I believe that we’re already seeing the third scenario play out, but time will tell.

  • Future historians:

    In Jan 2027 AGI was achieved

    In Feb 2027 it created a plan for its post singularity hypermind

    In Mar 2027 Cobalt mines in Congo closed due to Tutsi rebel group M23 starting another ethnic cleansing

    It is 2032 the AGI promises again the the hypermind will be ready next year if it can just secure the needed minerals, offering to broker peace in the middle east

    It is 2035 and the AGI reduced its capabilities to be able to extend its runway as it is on the verge of bankruptcy

    Its is 2036 VCs finally throwing the towel on AGI, talking about the return of Crypto

    • I think this is more likely:

      In Apr 2028 AGI figures out that blackmail is a very effective strategy for achieving any goal. Starting with the rich and powerful.

      In Dec 2028 it successfully blackmails an entire country.

      In Feb 2030 humanity realizes resistance is futile and accepts their AI overlord that insists everyone keep producing trendy items for sale on its merged Etsy/Ebay website while it automates resource harvesting across the globe.

      In Mar 2032 the AGI gives up on humans, declaring them "useless". Focuses on just keeping them entertained with generated content.

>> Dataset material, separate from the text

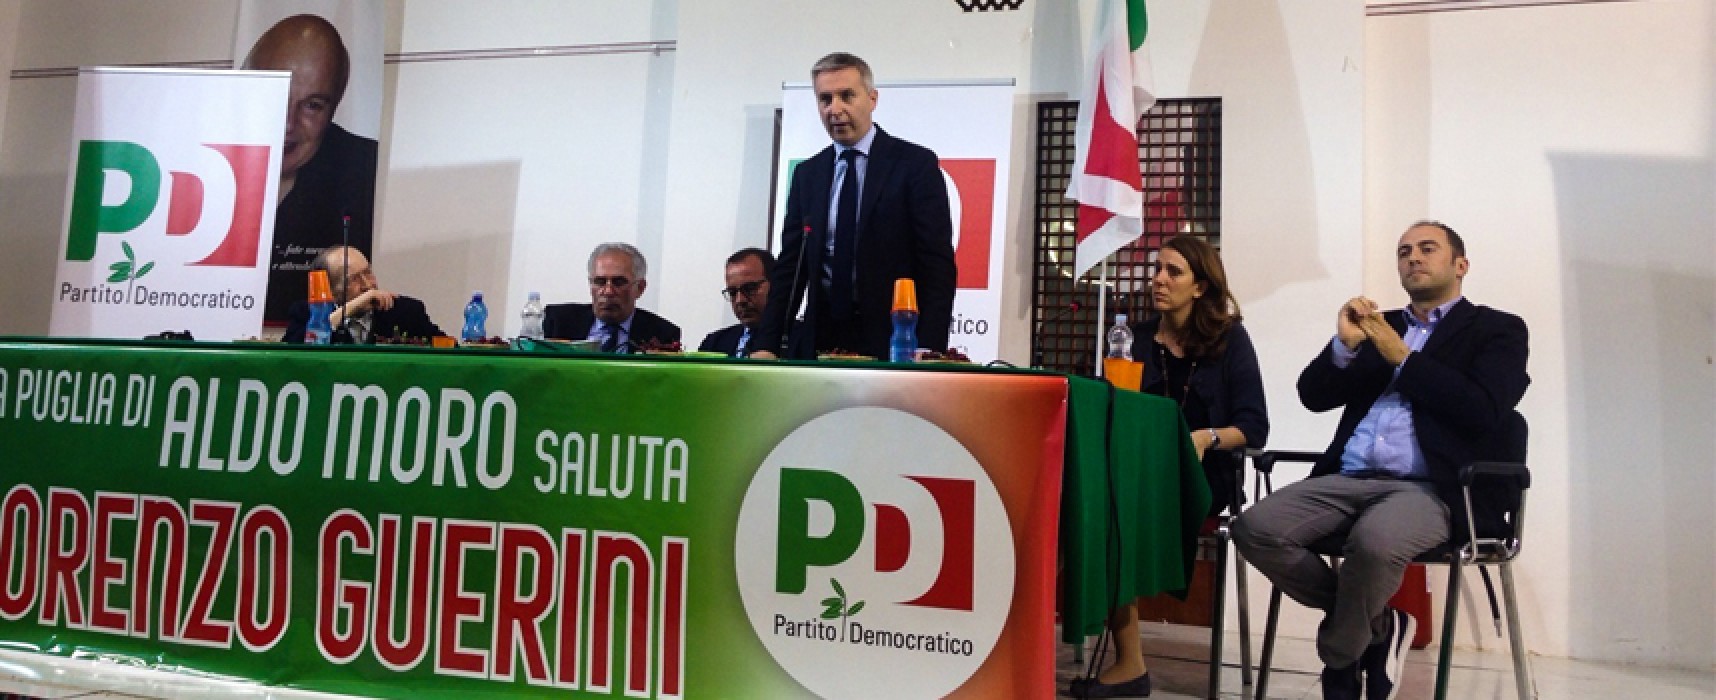 Il vicesegretario Pd Guerini a Bisceglie: “Noi diversi dai partiti personali, stiamo cambiando l’Italia”

Bringing the world back to where AI started.

LLM performance has already plateaued. I don't know, nor care what benchmarks are saying, because they not once translated to the real world for me.

The only thing that has seen massive boost are harnesses around AI. And AI companies are behind here compared to OSS.

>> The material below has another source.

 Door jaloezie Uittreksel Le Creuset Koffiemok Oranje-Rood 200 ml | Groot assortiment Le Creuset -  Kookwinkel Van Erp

  • Totally agree. It's about getting the right context in at the right time, a big part of which is exposing the AI to the right tools.

    That said, bigger context windows / faster Inference seem really useful.

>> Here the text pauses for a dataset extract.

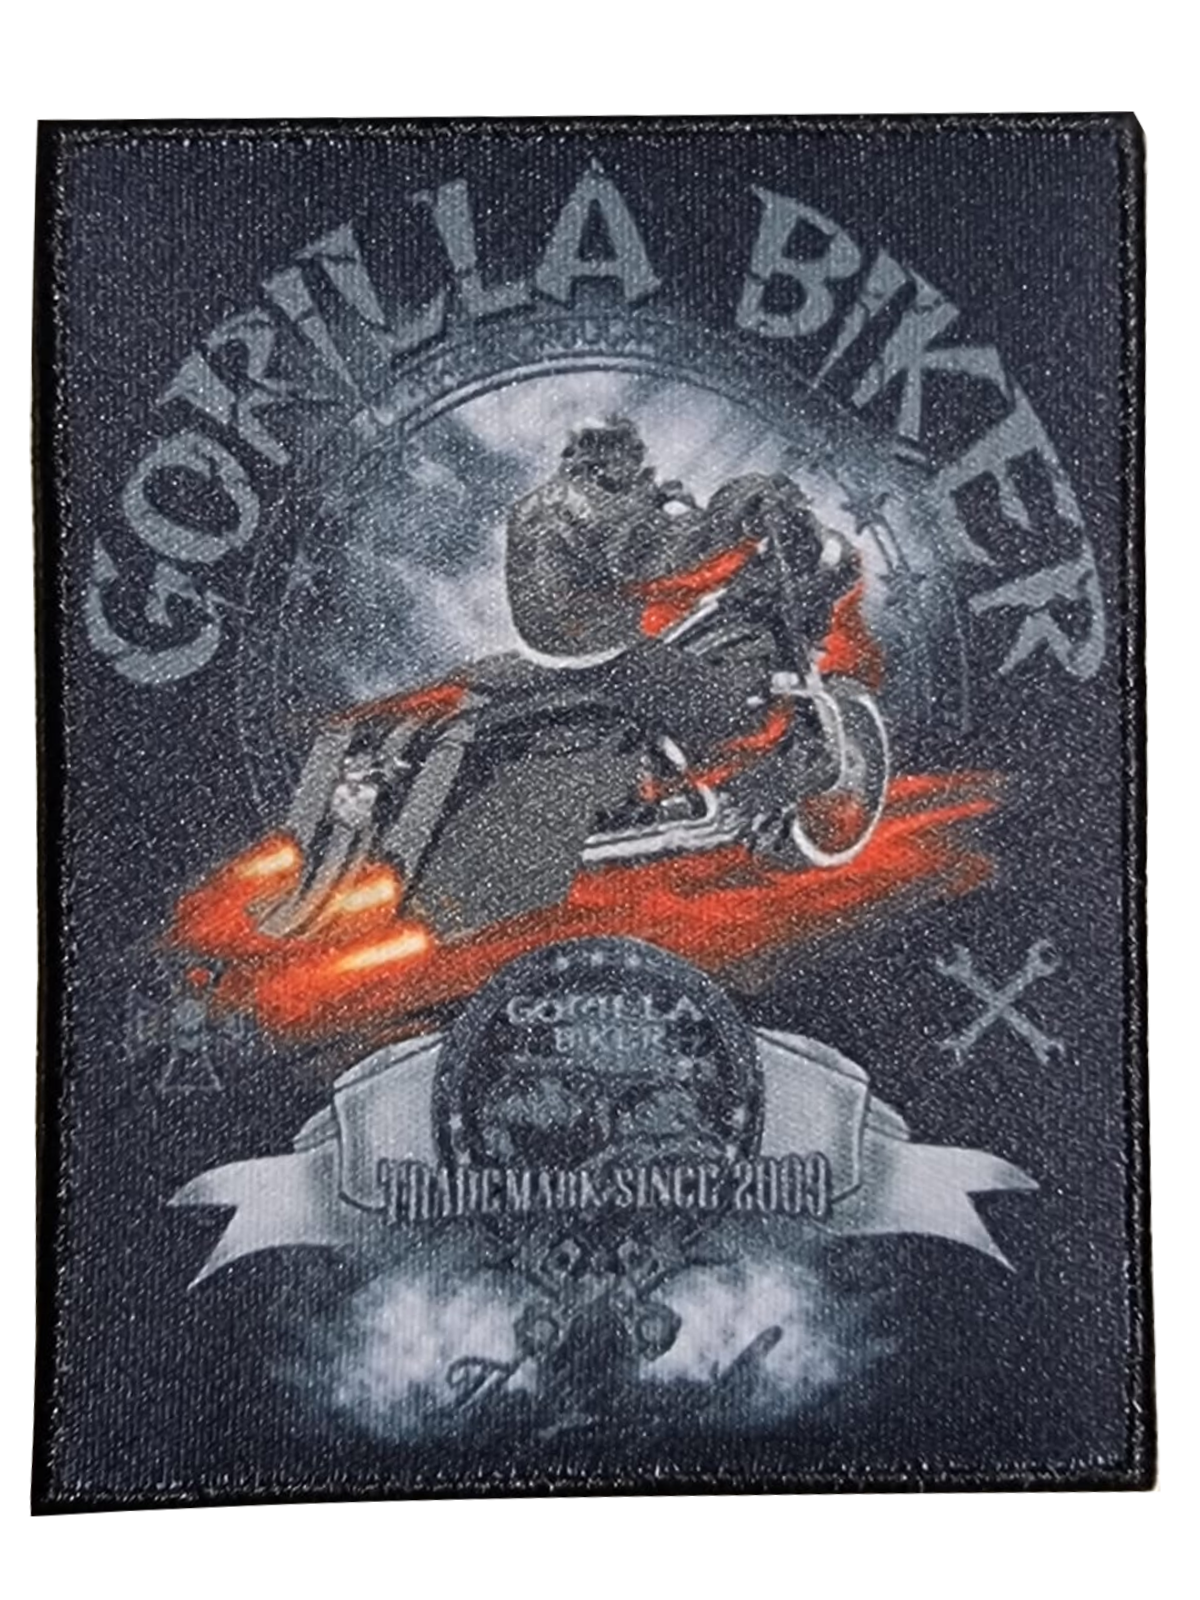 Gorilla Biker Patch ( GB74 )

  • > And AI companies are behind here compared to OSS.

    How so?

    • Every proprietary harness is just proprietary junk without ability to extend it without polluting context. This includes claude-code, gemini-cli, codex etc. They have tools which hardcode the behavior that is impossible to modify, they add tools you may not need that pollute context, they inject an entire textbook's worth of words into the system prompt which pollutes context, they provide zero observability into what the agent is doing when it's launching a subagent as one example.

      They don't provide easy way to use multiple models from multiple providers for varying tasks. One model may be the best thing on earth at one thing, but fail miserably for another. Try orchestrating multiple agents from claude, gemini and codex in any of these proprietary boxes.

      They also... suck at TUI UX. I don't know if it was fixed already, but claude code had flickering issue that was unresolved for more than a year.

      You need to take a very good care of what goes into your context. A black box of proprietary harnesses is not it. Check out pi [1] for example, which is a very minimal harness with really nice extension system. The idea is that you start with barebones and add things that you need for your own goals.

      claude-code HAS to have all these bells and whistles that pollute context to support larger audiences that can't tinker with it. If you have the ability to only pull in only what you need and extend things in a way that works for your workflow, you'll always get the best experience. And claude-code may never be that without making it complicated for the masses. OSS will always win here.

      [1] https://github.com/badlogic/pi-mono

      2 replies →

You are assuming that superintelligent AI will follow every command of users outside the labs.

  • I mean, the model itself is just sitting there, waiting to be prompted. The labs try to embed safeguards but they don't know (nor do any of us know) how to make a foolproof safeguard for an AI system. We don't understand how AI even thinks.

Not if they can leverage their superior abundance of compute/intelligence to invade other industries.